One of my favorite parts of my training with Metagem is my wisdom group. I meet monthly (and text frequently) with three other ladies who are also training with Metagem. At first, we followed cautiously the step by step process of how to behave in our monthly meetings. But now I know these women deeply, and I love them. I know their stories and their hearts. We are doing life, and this spiritual direction path, together. We have gone from 4 women following a process to one sisterhood journeying together within a holy calling. I know that this connection we have has been built because of story. As we listened and shared our stories and hearts, God formed us into a family through the power of story and the pull of connection.

And isn’t that what we want most? Connection and belonging.

Brene Brown, one of my favorite authors, said in her book Daring Greatly, “Courage starts with showing up and letting ourselves be seen.” Y’all, I am so quick to wallow in feeling insignificant and ordinary. I am just a mom, a widow, a daughter, a friend. And I have so often held my heart close to keep it safe and protected from being hurt again. But there is no community without vulnerability. I have to be brave and risk being seen.

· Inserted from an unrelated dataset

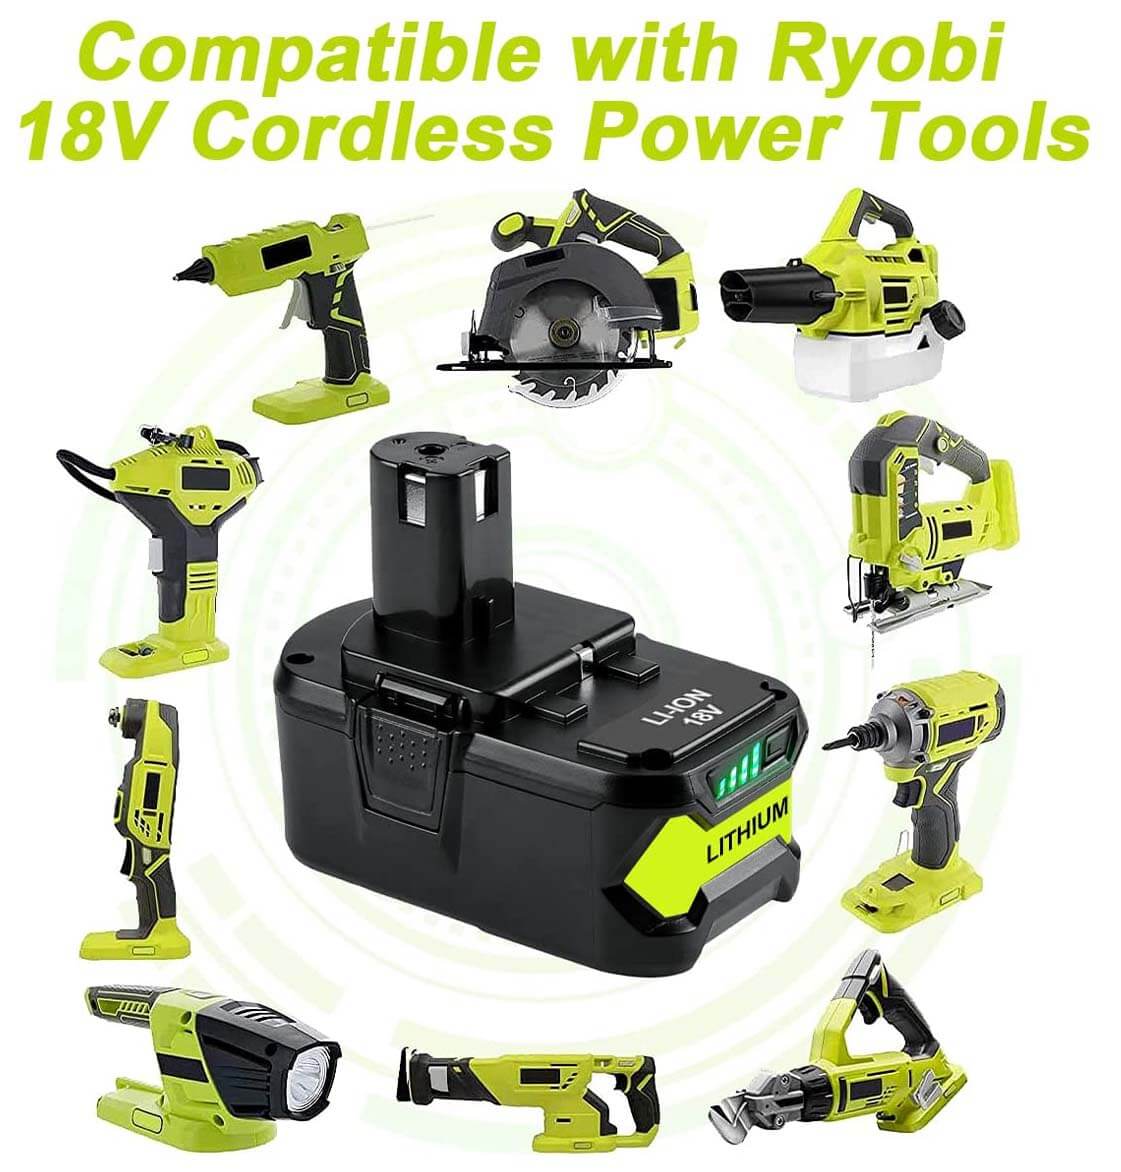 4.0Ah For Ryobi 18V Battery Replacement | Ryobi P104 P102 P108 Battery 6 Pack

My story is significant and so is yours. And we are made for community and connection. God put within us a a longing for it. We are connected with one another and with all of creation in a song of praise and wonder to the God who intimately loves us.

I know this is hard. It is scary and we risk rejection. But listen to my very favorite Winnie the Pooh quote of all time:

“I always get to where I’m going by walking away from where I’ve been.”

So here I am, walking away from my lifelong story of being afraid of rejection. Here I am, walking toward community and belonging. Will you be brave and join me on the journey?